Khazad Dum - Delving for Data with a Text2SQL Agent

date: 2025-11-30

📅 30/11/2025

In Tolkien’s Middle-earth, the dwarves of Khazad Dum delved deep into the mountains. They were mining mithril—the most precious metal in the realm. My text2sql agent borrows that name because it does something similar: it digs into your database and surfaces the insights you’re looking for, no pickaxe (or SQL expertise) required.

The Problem

Writing SQL is a powerful skill, but doing it effectively requires deep knowledge of the underlying database structure. Which table holds customer emails—users, customers, or contacts? What’s the exact column name for order dates? These questions slow you down and create a barrier, especially for those who aren’t living in the database day-to-day.

What if you could just ask for the data you need in plain English? That’s where LLMs come in—their flexibility lets us bridge the gap between natural language and structured queries.
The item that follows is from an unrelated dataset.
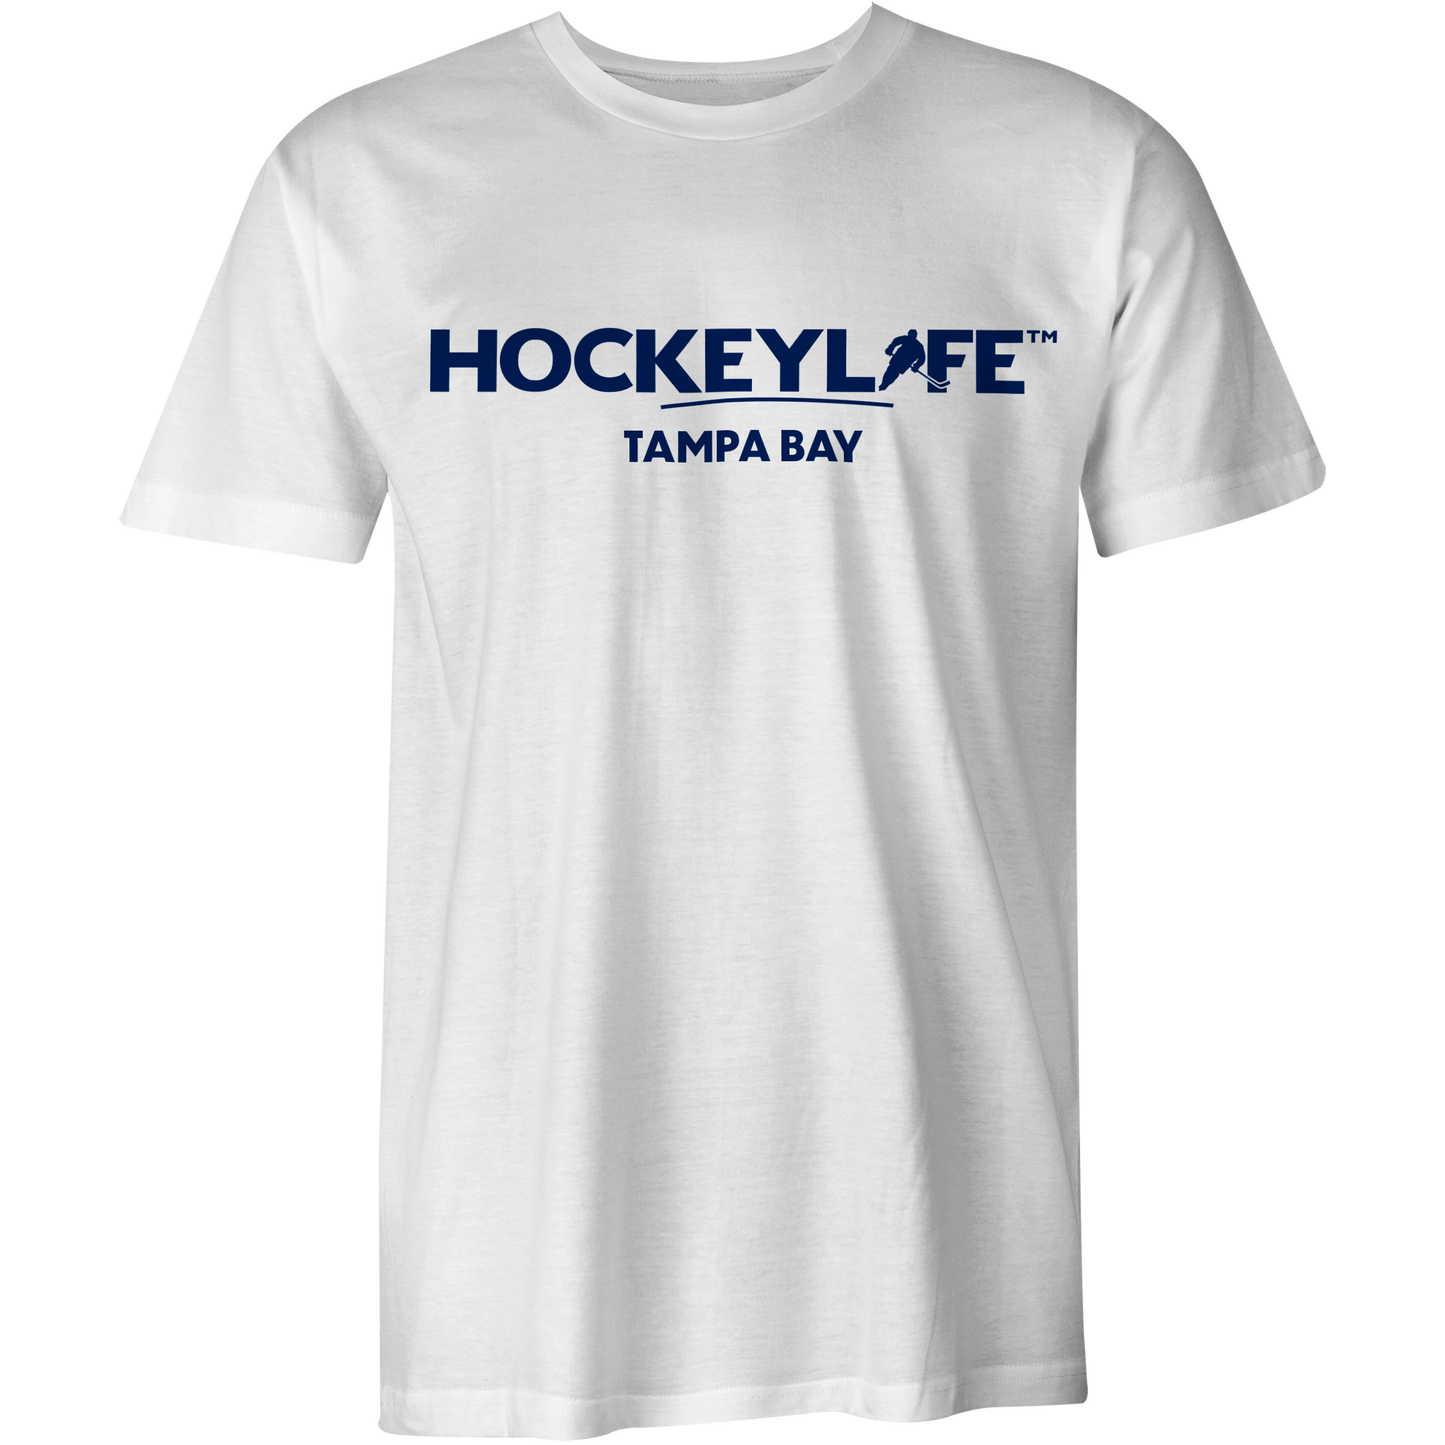 HockeyLife Tampa Bay Tee Shirt

I am running the experimentation in spider 2.0 Snowflake DB.

How Khazad Dum Works

Khazad Dum is built on a simple but flexible stack: - lisette handles LLM tool-calling - FastHTML powers a lightweight chat interface - SQLite stores conversation history

When you ask a question, the agent gets to work: it inspects the database schema, translates your request into SQL, and runs the query. If something goes wrong — a typo in a table name, a syntax hiccup — it doesn’t give up. Like the dwarves who kept mining through hard rock, the agent takes the error, learns from it, and tries again with a corrected query.

The database layer follows a clean interface pattern: connect, check if the connection is alive, extract metadata, and execute queries. Swapping from SQLite to Oracle or Snowflake just means implementing this same interface for the new dialect — the rest of the agent stays untouched.
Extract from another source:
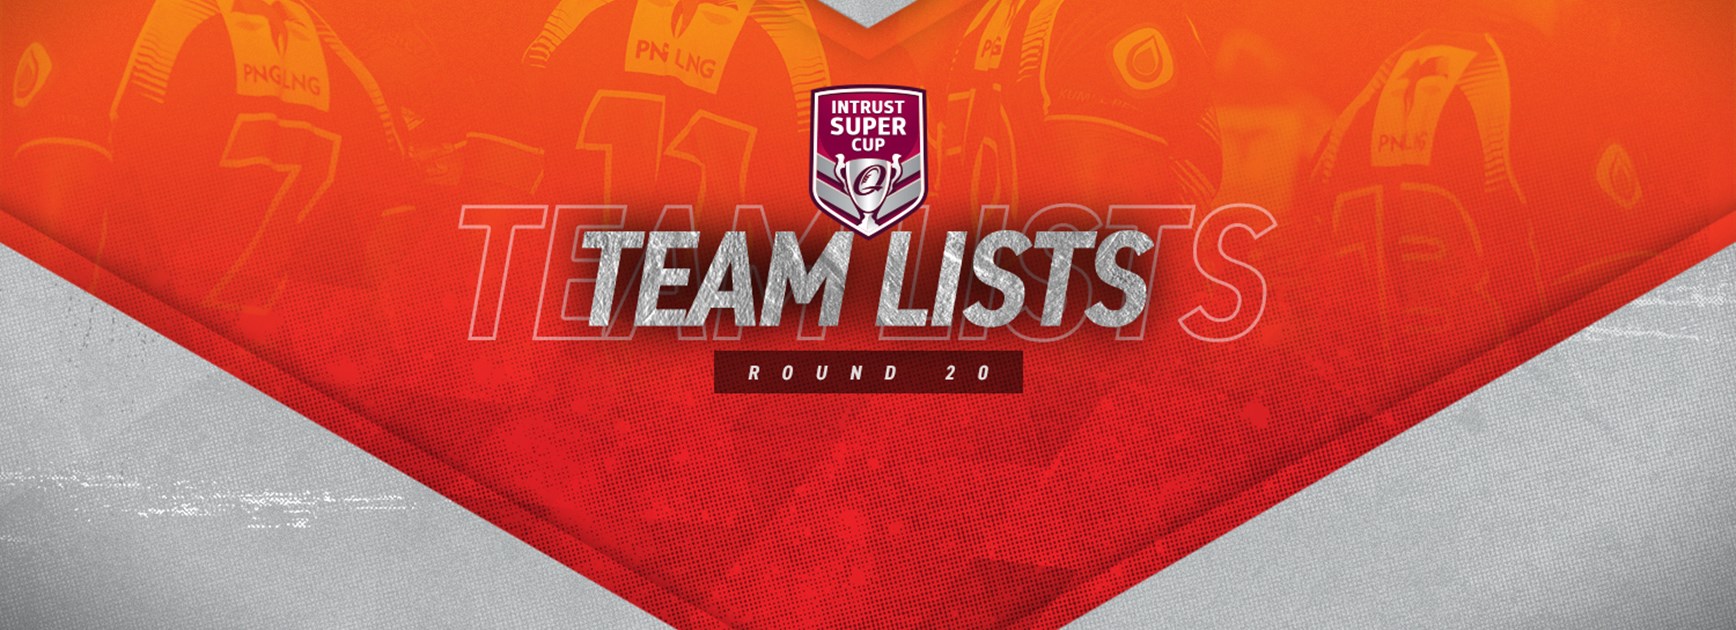 Intrust Super Cup Round 20 teams

Metadata Building Before the agent can write accurate SQL, it needs to understand the lay of the land. When Khazad Dum connects to a database, it automatically extracts metadata — table names, column names, data types, and relationships. Think of it as the agent drawing a map of the mines before it starts digging. This schema knowledge is what allows it to turn your plain English question into a query that actually runs.
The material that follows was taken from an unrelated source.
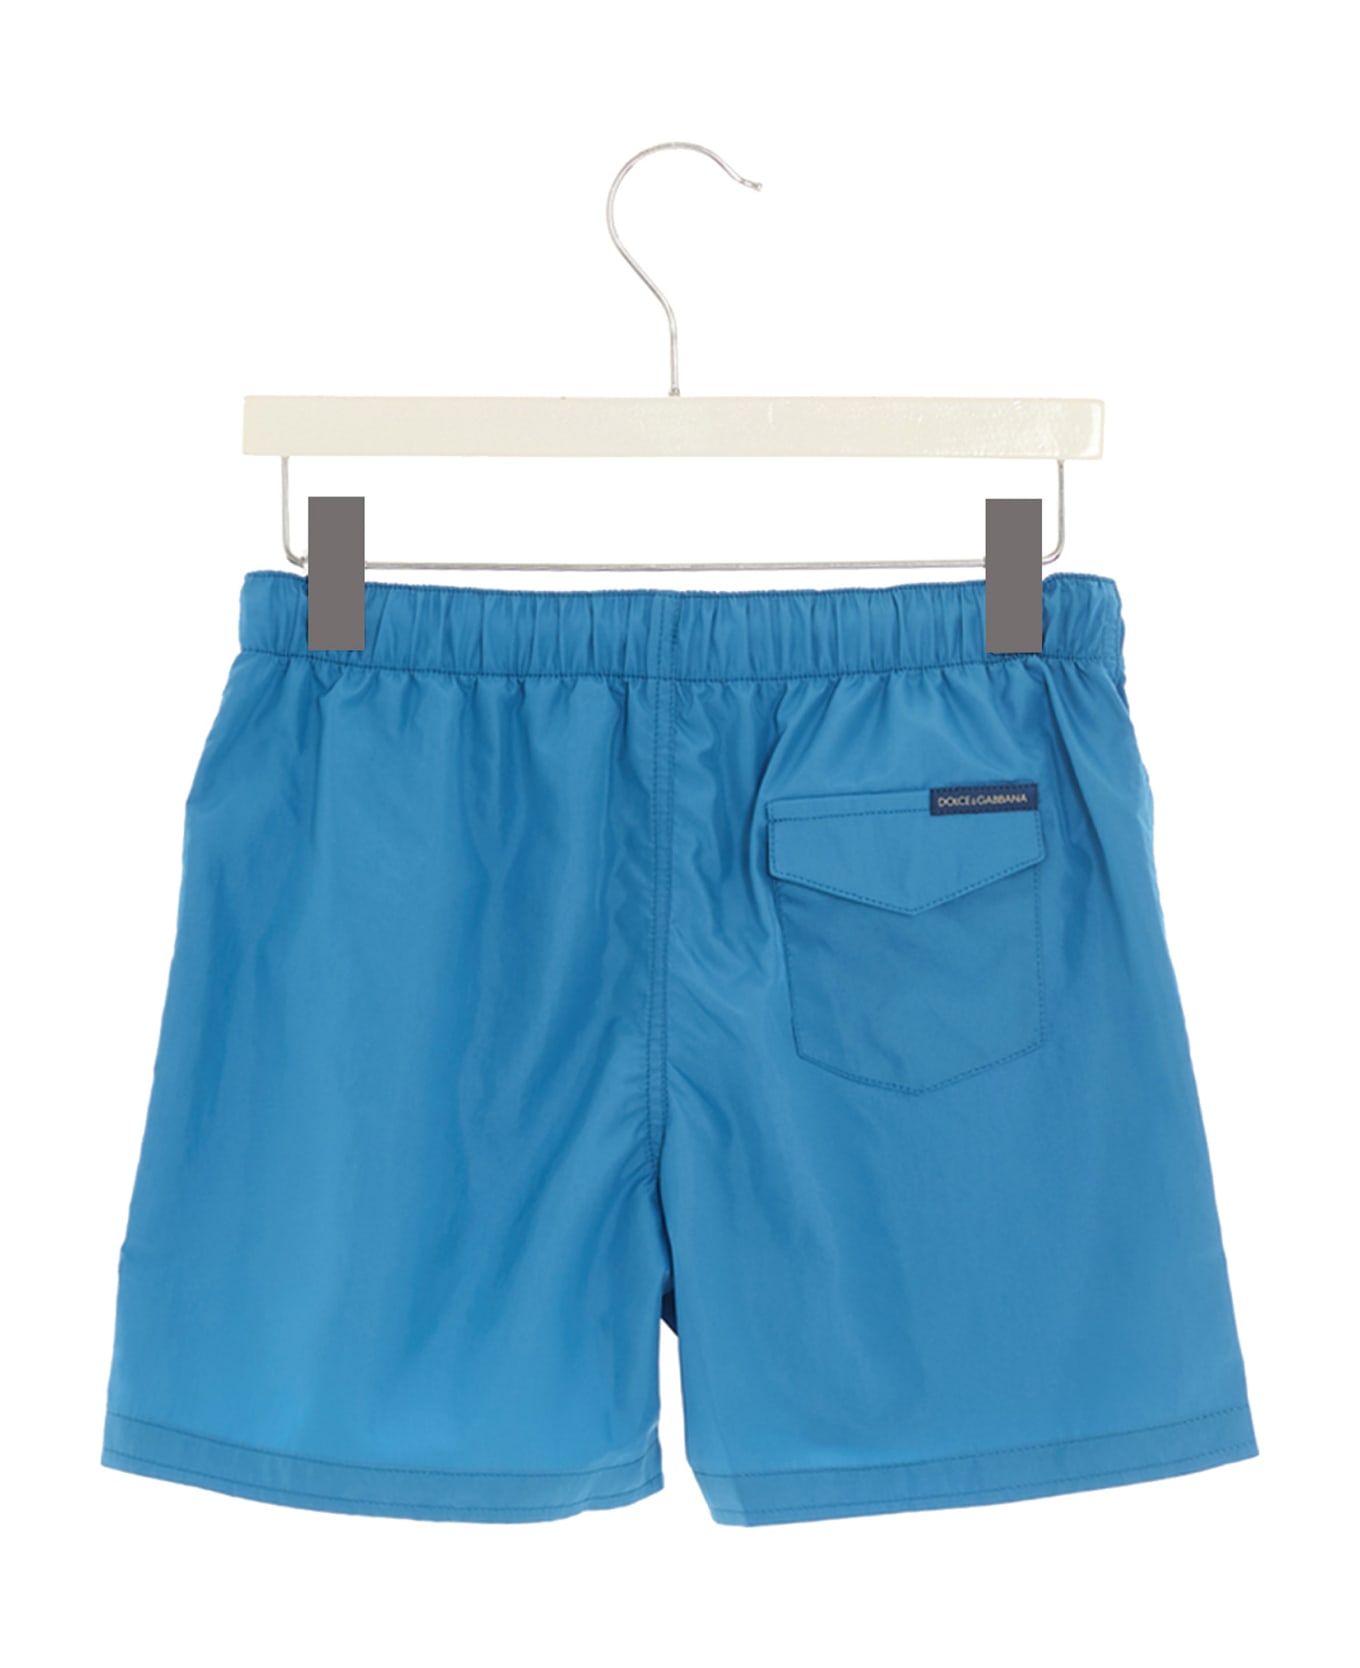 Dolce & Gabbana Side Band Beach Shorts - Light Blue

Complete code is available on Khazad Dum GitHub

A Quick Example

User: “Which airport has the most departures?”

Khazad Dum gets to work. Its first attempt:

SELECT GET(PARSE_JSON("airport_name"), 'en')::VARCHAR AS "airport_name", 
       COUNT(*) AS "departure_count"
FROM AIRLINES.AIRLINES."FLIGHTS"
GROUP BY "departure_airport"
ORDER BY "departure_count" DESC
LIMIT 1

Error: invalid identifier '"airport_name"'

The agent reads the error, realizes airport_name lives in a different table, and retries with a join:

SELECT GET(PARSE_JSON("airport_name"), 'en')::VARCHAR AS "airport_name", 
       COUNT(*) AS "departure_count"
FROM AIRLINES.AIRLINES."FLIGHTS"
JOIN AIRLINES.AIRLINES."AIRPORTS_DATA" 
  ON "FLIGHTS"."departure_airport" = "AIRPORTS_DATA"."airport_code"
GROUP BY "airport_name"
ORDER BY "departure_count" DESC
LIMIT 1

Result: Domodedovo International Airport — 3,217 departures.

One plain English question, one self-correction, one answer.

What I Learned

Small models can punch above their weight. I was surprised how well a modest LLM like gpt-4o-mini handled the task — running on a Mac, it solved queries effectively. The key was clear tool definitions: when the interface is well-defined, the model knows exactly what to do and can self-correct on failures.

Metadata is crucial — and worth caching. Extracting column names and data types was straightforward, but inferring foreign key relationships required prompting the LLM. That’s a costly operation, so I added caching to avoid repeating it. Lesson learned: invest in good metadata upfront, then reuse it.

Simple tools make fast iteration possible. Both lisette and FastHTML stayed out of my way, which meant I could focus on what mattered: finding the right prompts. And that’s where the real work was — iterating quickly on prompts until the agent behaved the way I wanted.

Model fails to answer for ambiguous questions. As question get complex the model does not perform well and generalize.

What’s Next

Khazad Dum already supports multi-turn conversations — you can ask follow-up questions and refine your queries naturally. But there’s more mining to do:

More databases. The current interface works with SQLite, Oracle, and Snowflake, but I’d like to extend support to Postgres, MySQL, and beyond. The clean interface pattern should make this straightforward.

Recursive Language Models. I’m exploring recursive approaches where the agent can break complex questions into smaller sub-queries, solve them step by step, and combine the results. Think of it as the dwarves digging multiple tunnels that eventually connect.

The mines of Khazad Dum go deep — there’s plenty more mithril to uncover.